Data validation task settings - AWS Database Migration Service

Data validation task settings

You can ensure that your data was migrated accurately from the source to the target. If you enable validation for a task, AWS DMS begins comparing the source and target data immediately after a full load is performed for a table. For more information about task data validation, its requirements, the scope of its database support, and the metrics it reports, see AWS DMS data validation.

The data validation settings and their values include the following:

  • EnableValidation – Enables data validation when set to true. Otherwise, validation is disabled for the task. The default value is false.

  • FailureMaxCount – Specifies the maximum number of records that can fail validation before validation is suspended for the task. The default value is 10,000. If you want the validation to continue regardless of the number of records that fail validation, set this value higher than the number of records in the source.

  • HandleCollationDiff – When this option is set to true, the validation accounts for column collation differences in PostgreSQL endpoints when identifying source and target records to compare. Otherwise, any such differences in column collation are ignored for validation. In PostgreSQL endpoints, column collations can dictate the order of rows, which is important for data validation. Setting HandleCollationDiff to true resolves those collation differences automatically and prevents false positives in data validation. The default value is false.

  • RecordFailureDelayLimitInMinutes – Specifies the delay before reporting any validation failure details. Normally, AWS DMS uses the task latency to recognize actual delay for changes to make it to the target in order to prevent false positives. This setting overrides the actual delay value and enables you to set a higher delay before reporting any validation metrics. The default value is 0.

  • SkipLobColumns – When this option is set to true, AWS DMS skips data validation for all the LOB columns in the tables part of the task validation. The default value is false.

  • TableFailureMaxCount – Specifies the maximum number of tables that can fail validation before validation is suspended for the task. The default value is 1,000. If you want the validation to continue regardless of the number of tables that fail validation, set this value higher than the number of tables in the source.

  • ThreadCount – Specifies the number of execution threads that AWS DMS uses during validation. Each thread selects not-yet-validated data from the source and target to compare and validate. The default value is 5. If you set ThreadCount to a higher number, AWS DMS can complete the validation faster. However, AWS DMS then runs more simultaneous queries, consuming more resources on the source and the target.

  • ValidationOnly – When this option is set to true, the task previews data validation without performing any migration or replication of data. The default value is false. But ValidationOnly set to true is particularly useful for the following use cases:

    • After data was migrated in a separate full load task without validation enabled, you can validate data without performing another full load. Just create and run another task with ValidationOnly set to true.

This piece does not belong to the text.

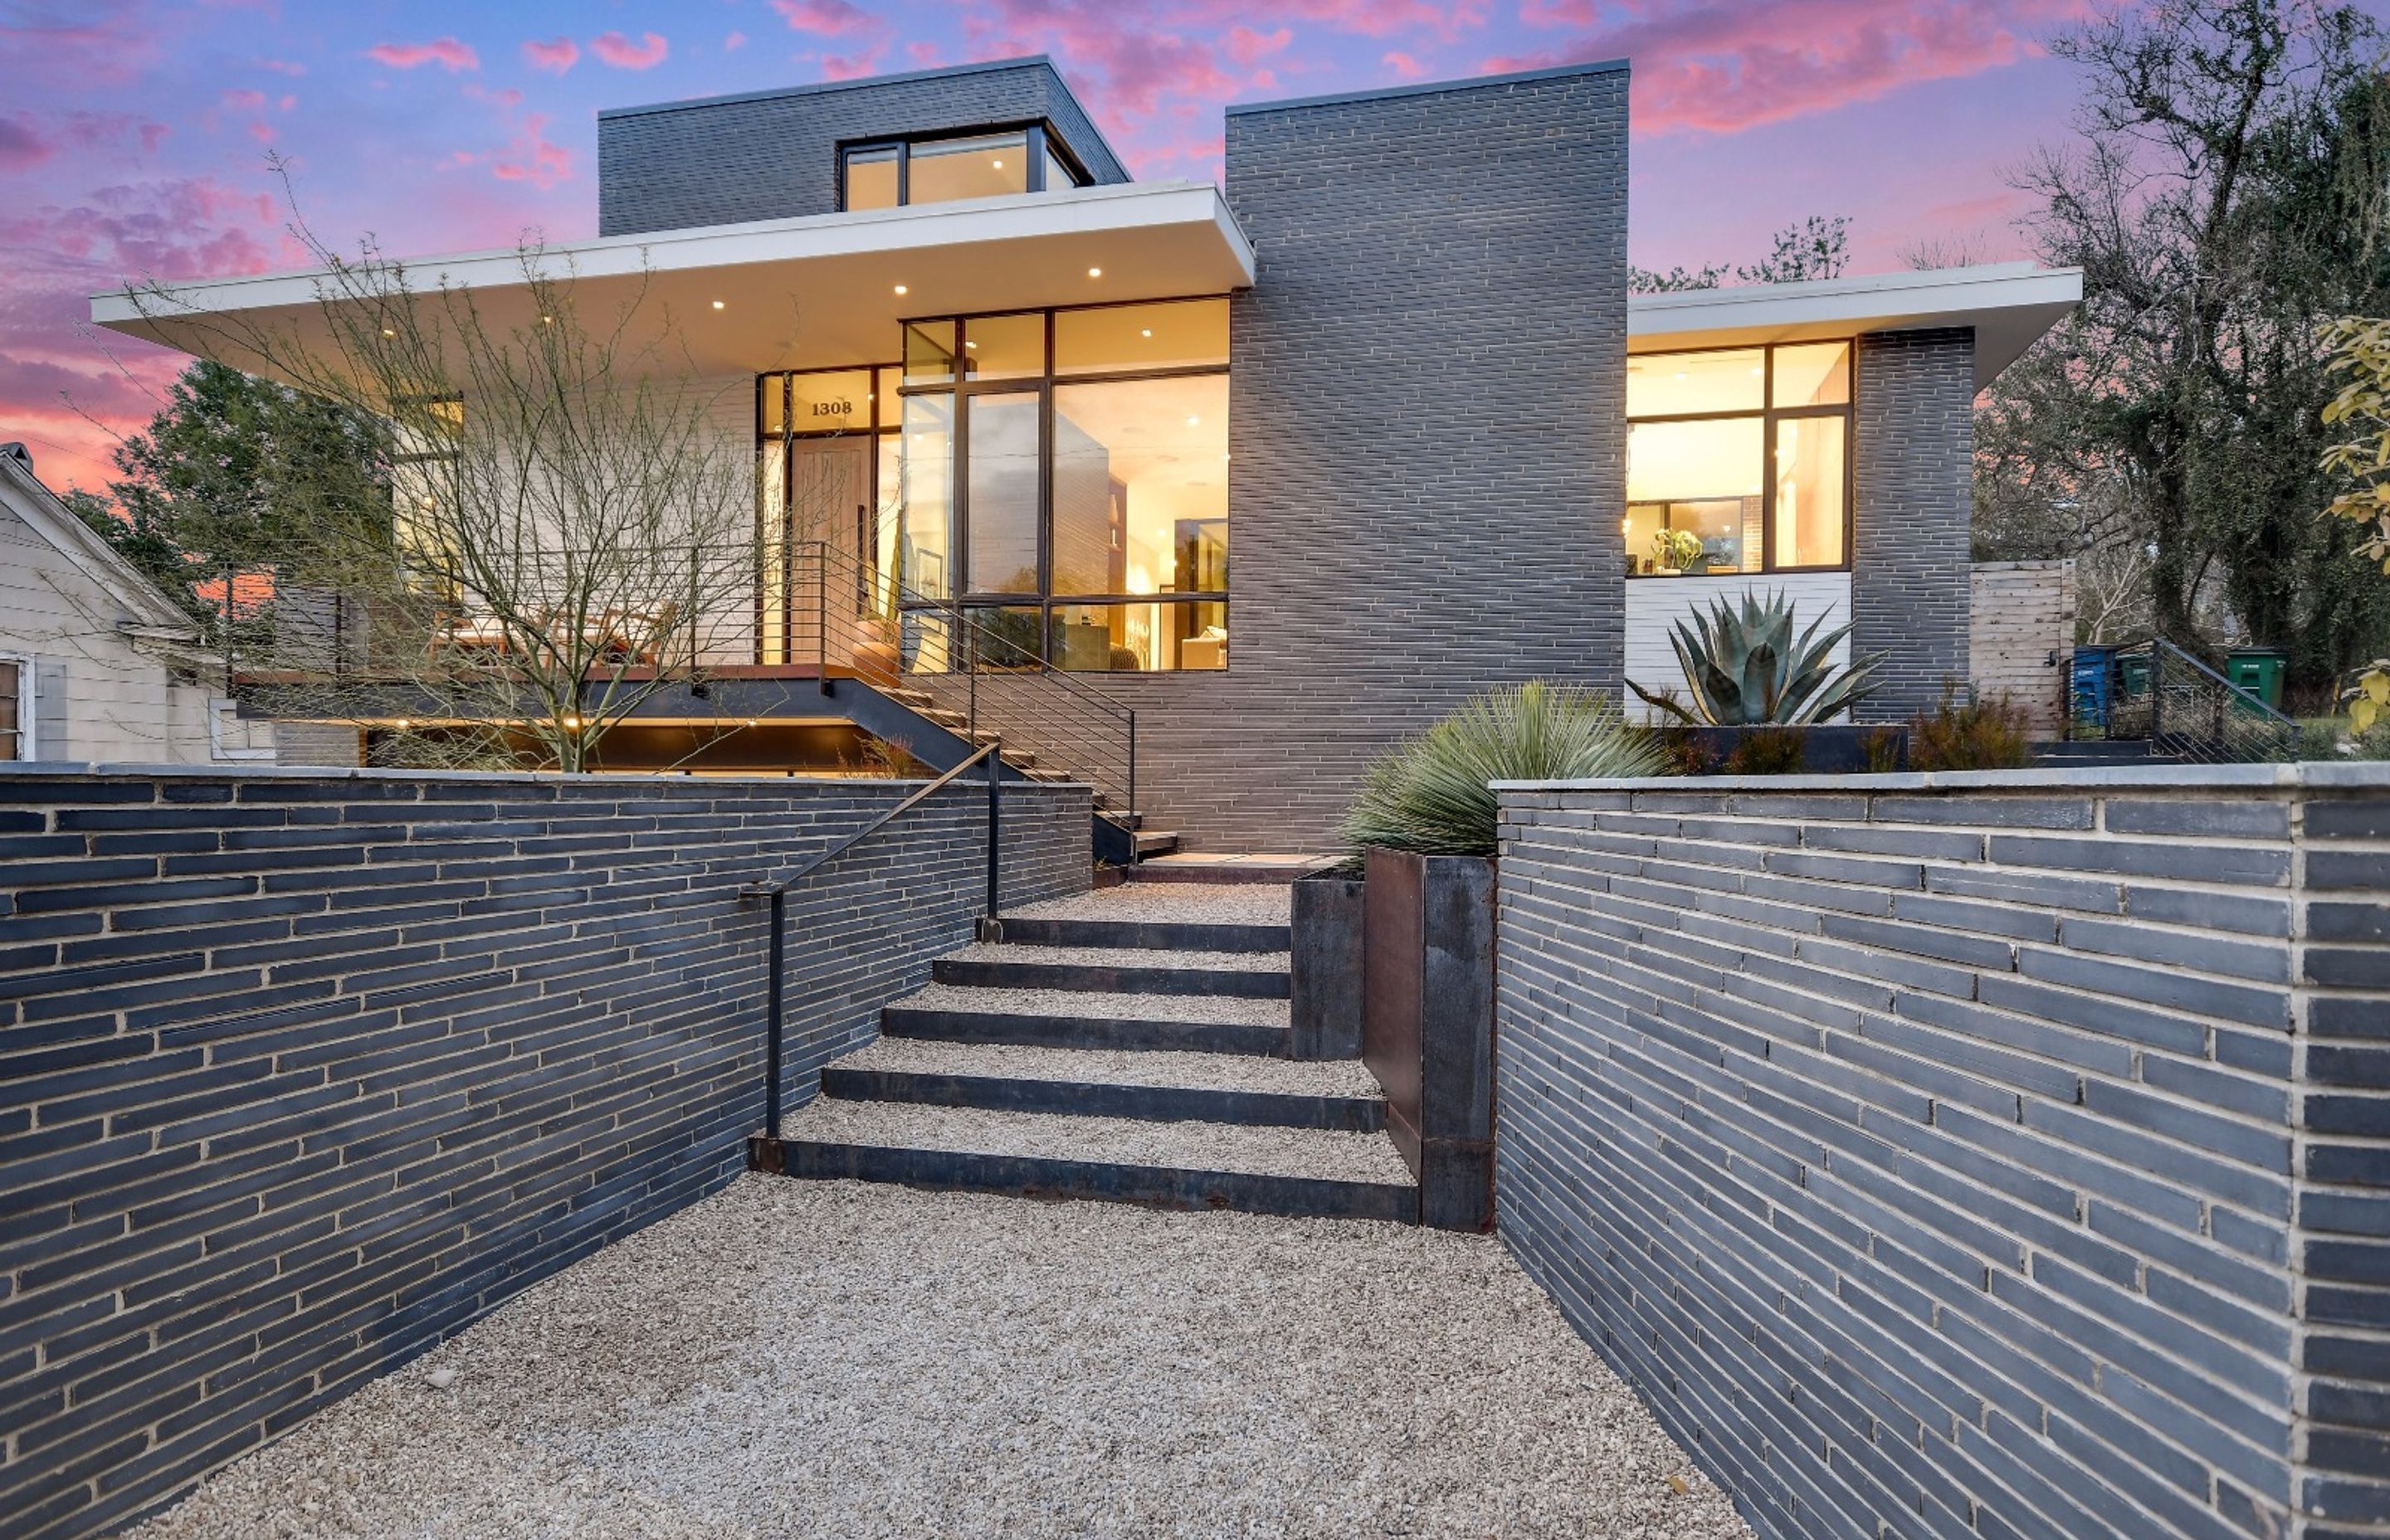 Dramatic proportions inherent in long-format bricks accentuate the linear feel of this walled entrance.

    • During a full load task, validation only begins once the initial load is complete. But, by creating a separate ValidationOnly task, you can see early validation results and resolve any failures prior to actually moving all of the data. This approach can be more efficient than waiting to resolve failures after all the source data has been migrated to the target.

    To be able to set this option, set the task Migration type to Replicate data changes only in the AWS DMS console. Alternatively, in the AWS DMS API set the migration type to cdc.

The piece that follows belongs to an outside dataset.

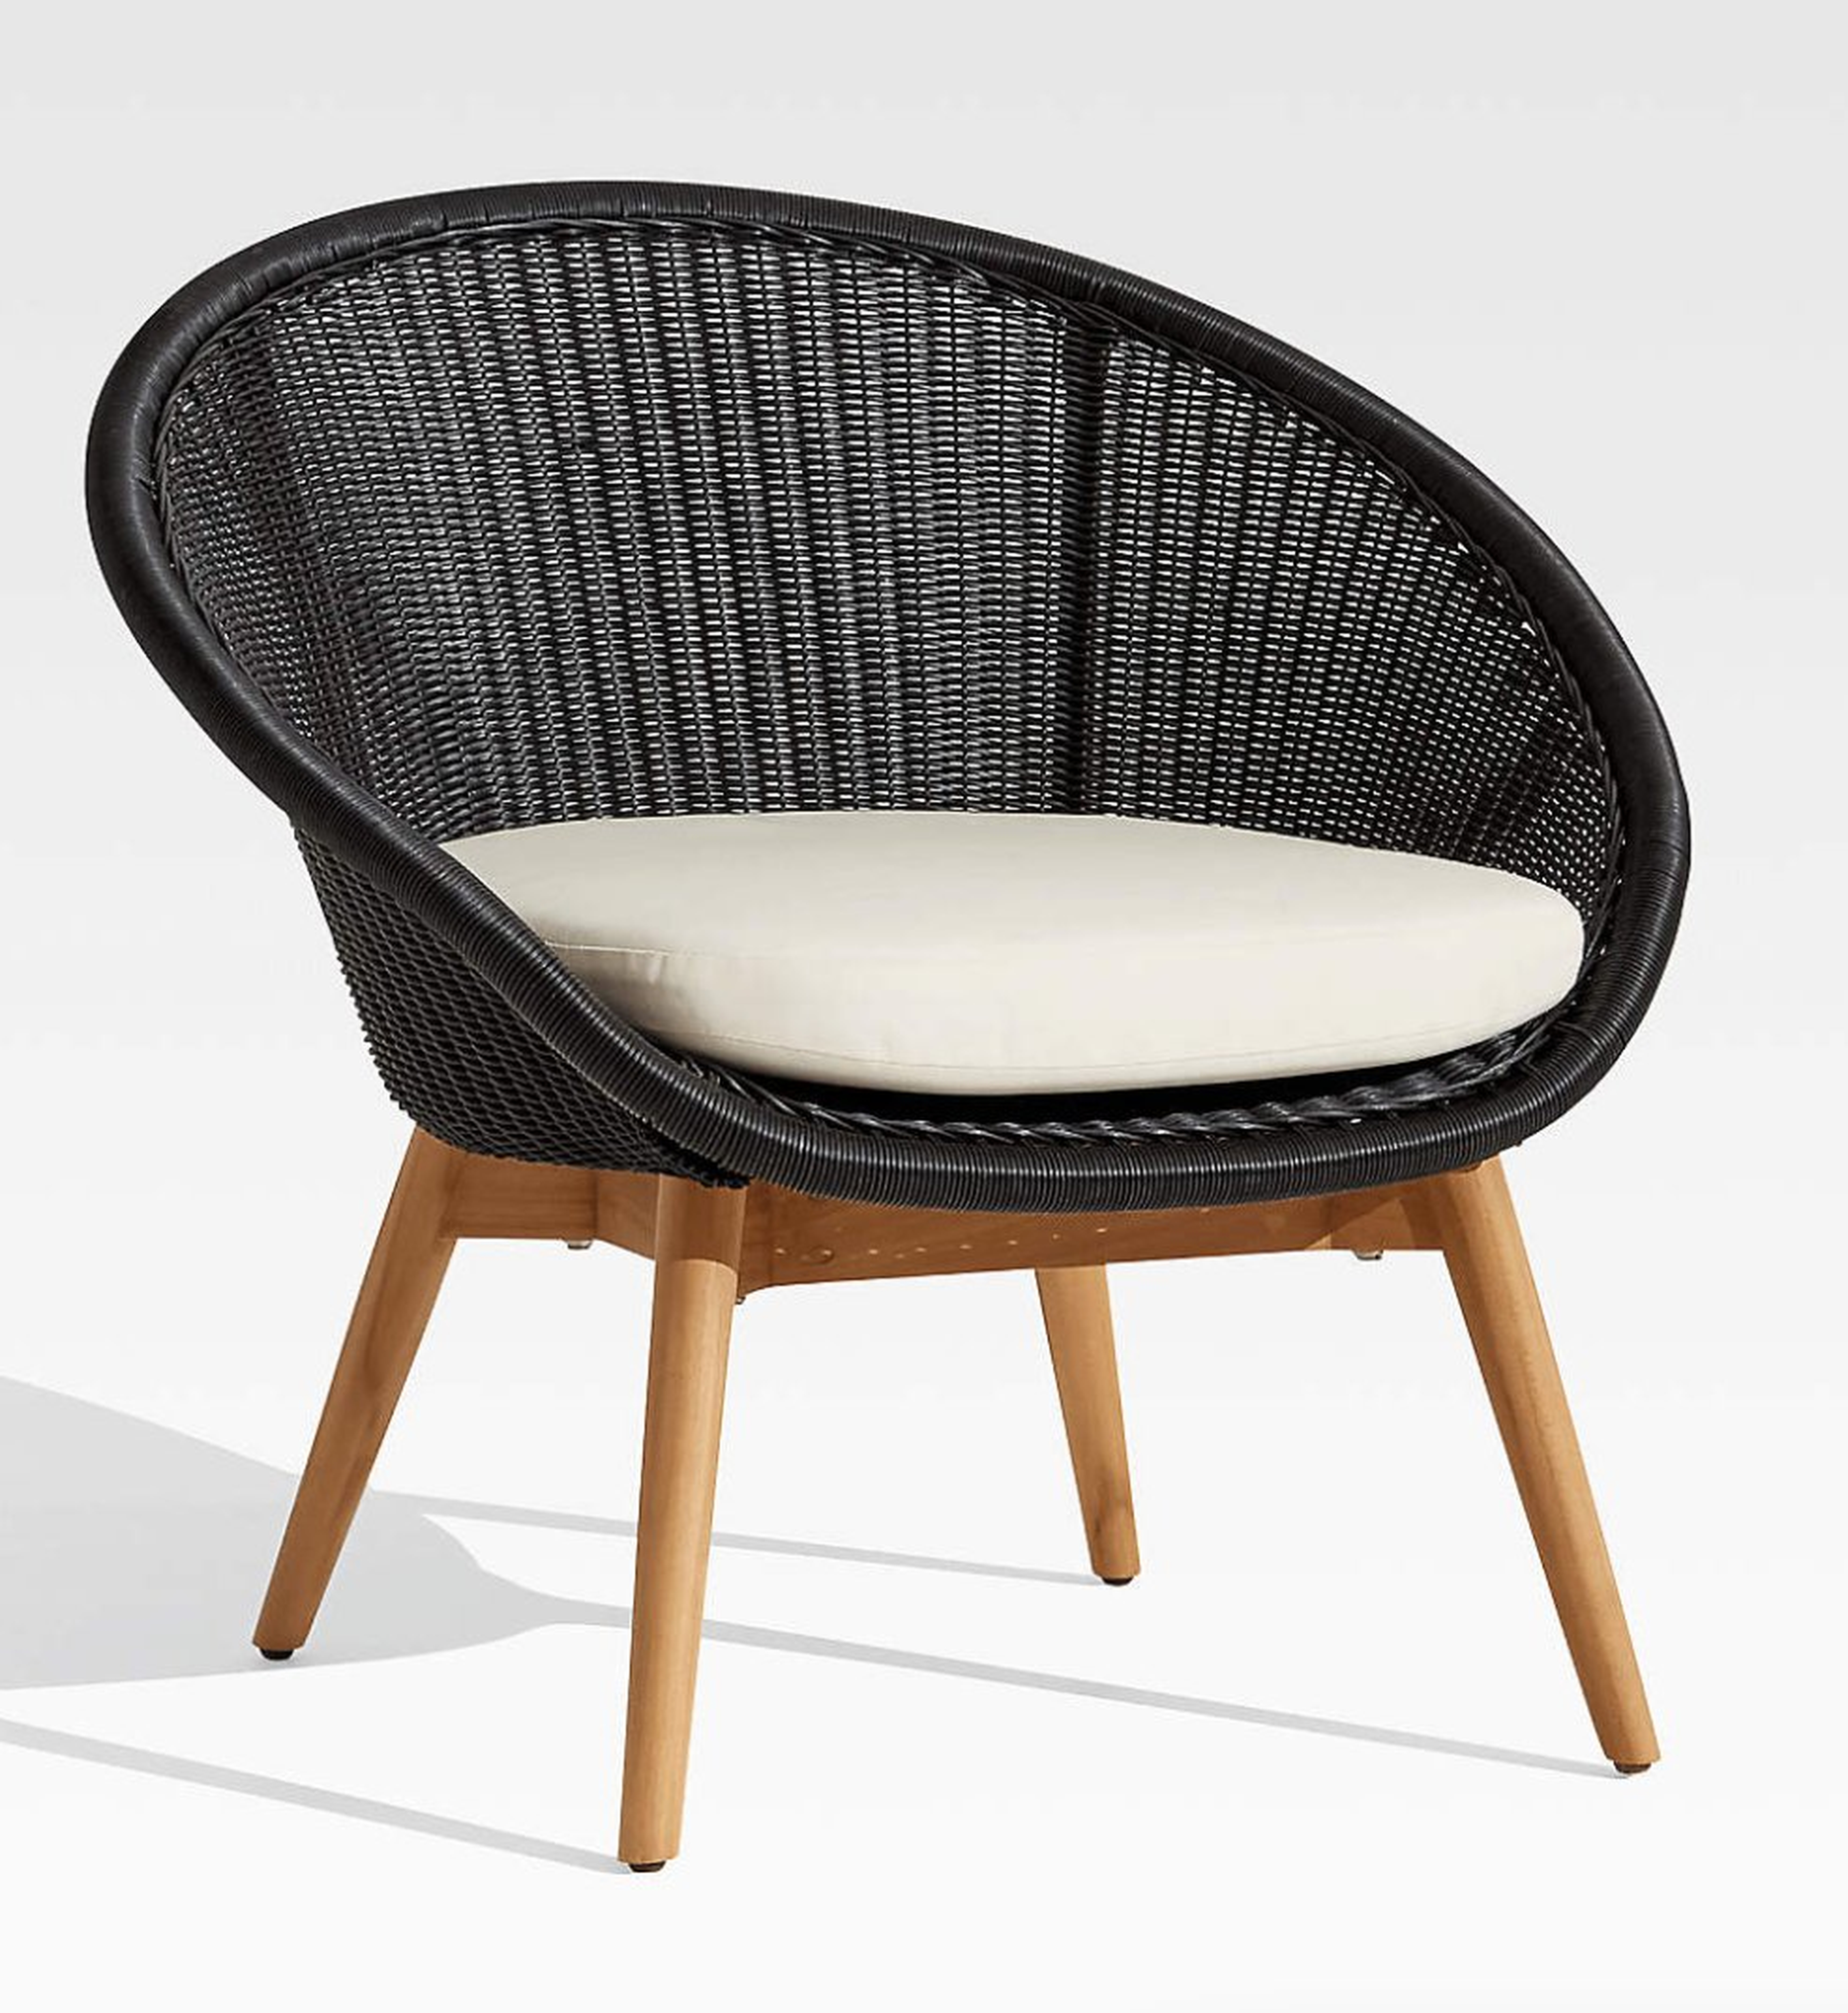 Loon Black Outdoor Lounge Chair - Crate and Barrel

  • ValidationPartialLobSize – Specifies if you want to do partial validation for LOB columns instead of validating all of the data stored in the column. This is something you might find useful when you are migrating just part of the LOB data and not the whole LOB data set. The value is in KB units. Default value is 0, which means AWS DMS validates all the LOB column data. For example, "ValidationPartialLobSize": 32 means that AWS DMS only validates the first 32KB of the column data in both the source and target.

For example, the following JSON enables data validation with twice the default number of threads. It also accounts for differences in record order caused by column collation differences in PostgreSQL endpoints. Also, it provides a validation reporting delay to account for additional time to process any validation failures.

"ValidationSettings": { "EnableValidation": true, "ThreadCount": 10, "HandleCollationDiff": true, "RecordFailureDelayLimitInMinutes": 30 }
Note

For an Oracle endpoint, AWS DMS uses DBMS_CRYPTO to validate BLOBs. If your Oracle endpoint uses BLOBs, grant the execute permission for DBMS_CRYPTO to the user account that is used to access the Oracle endpoint. Do this by running the following statement.

grant execute on sys.dbms_crypto to dms_endpoint_user;